Bu değerlendirmelerden sonra, doğru tanımları şu şekilde yapmak mümküdnrü;

  • İş bir amaç uğruna yapılır. Doğru hedeflerle para ve kar zaten gelir.
  • İşletmeler hissedarları kadar müşterileri, çalışanları, tedarikçileri ve toplum için değer yaratırlar. İş idaresi bu menfaatlerin birlikte yürütülmesidir.
  • Kapitalizm, insanın karmaşıklığından dolayı vardır. İnsanların arzu ve istekleri çok yönlüdür ve değer yaratmak için işbirliği yaparız. Bazen bencilliğimizden bazen de diğerleri için çalışırız. Teşvik elbette önemlidir ama değerler daha önemlidir.
  • Çoğu insan gerçeği söyler ve sözünü tutarak sorumlu davranışlar yapar. İnsanlardan bu davranışı bekleriz.
  • İşletmeler ve kapitalizm, insanın karmaşık doğasından ötürü, değer yaratmak için oluşturduğu en büyük sosyal işbirliği sistemleridir. Kapitalizmin motoru değer üretimidir.

Her işletme ve her iş, aslında topluma hizmet amacını içinde barındırır. İnsanların işine yaramayacak bir ürün veya hizmet elbette para kazandırmayacaktır. Günümüzde pek çok işletme, kurdukları vakıflar yolu ile toplumun gelişmesine hizmet etmektedir.
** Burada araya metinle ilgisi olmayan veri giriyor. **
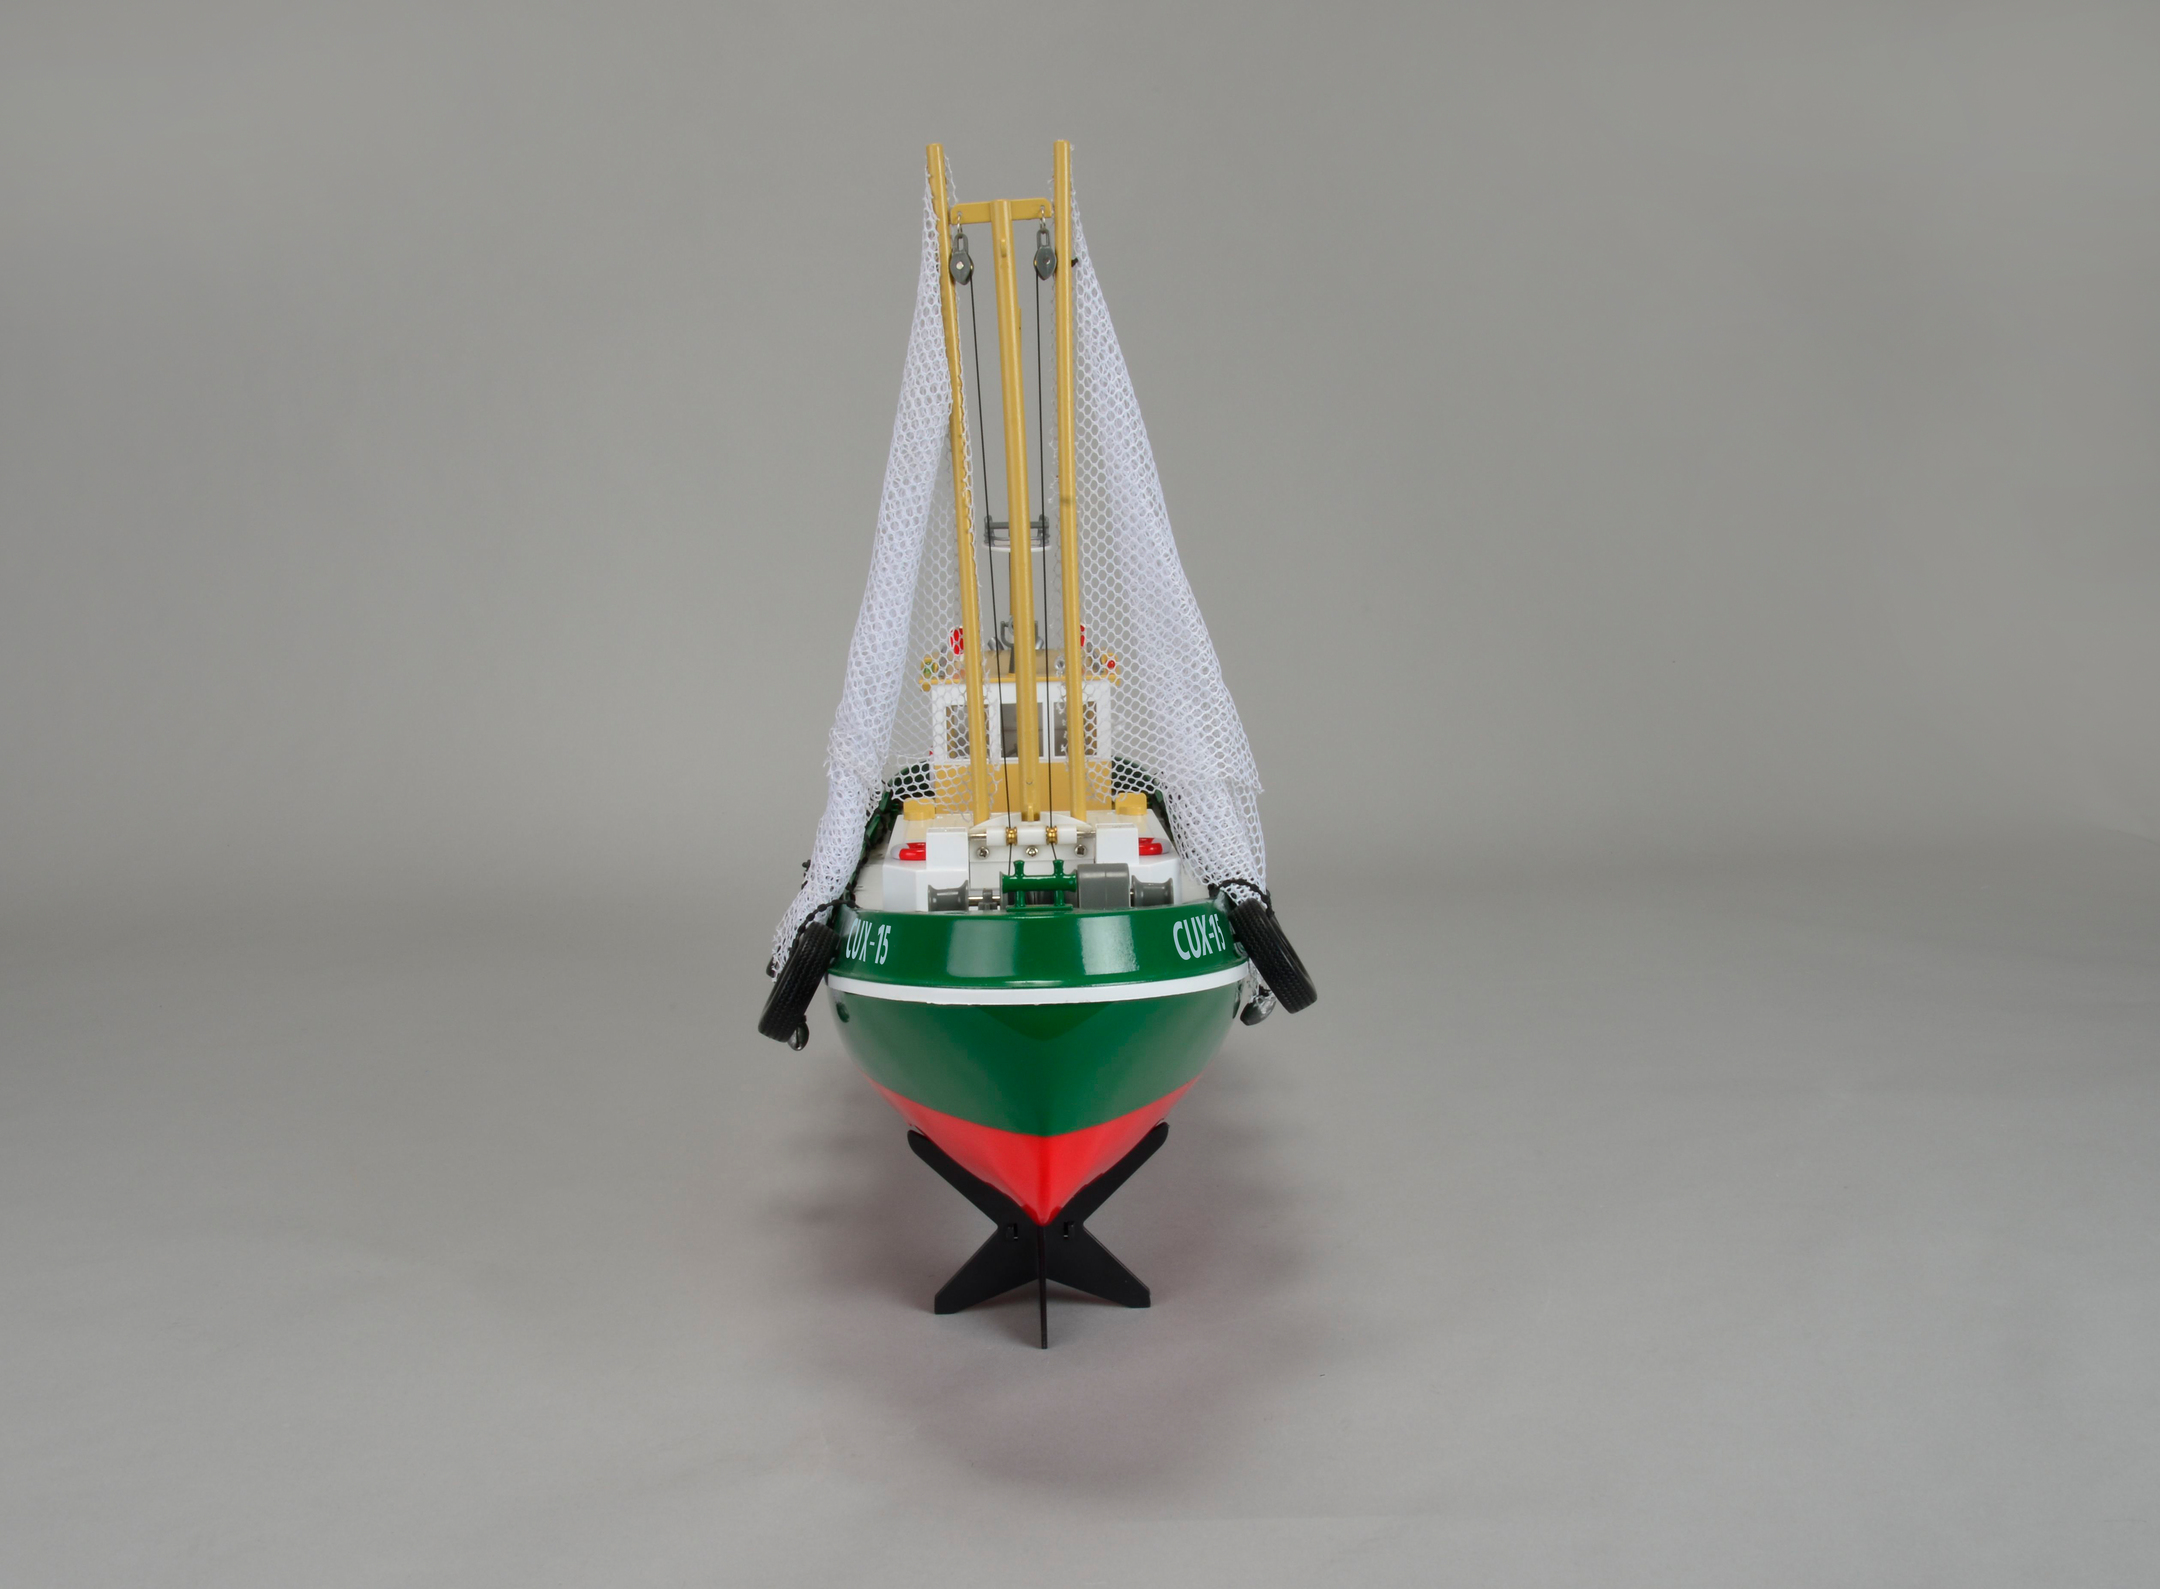 CARSON Grün RTR 100% Spielzeugboot, RC-Fischkutter Cux-15 2.4G

Bu gelişme uzun vadede elbette kendi karlılıklarına fayda da sağlayacaktır, ancak her halukarda işletmelerin faaliyetlerinden toplumun fayda sağlaması temel amaçlardandır.

İşletmelerin sosyal sorumluluk projeleri ile hem müşterilerine olumlu imge çizmeleri, hem kazançlarını zaman içinde artırmaları mümkündür.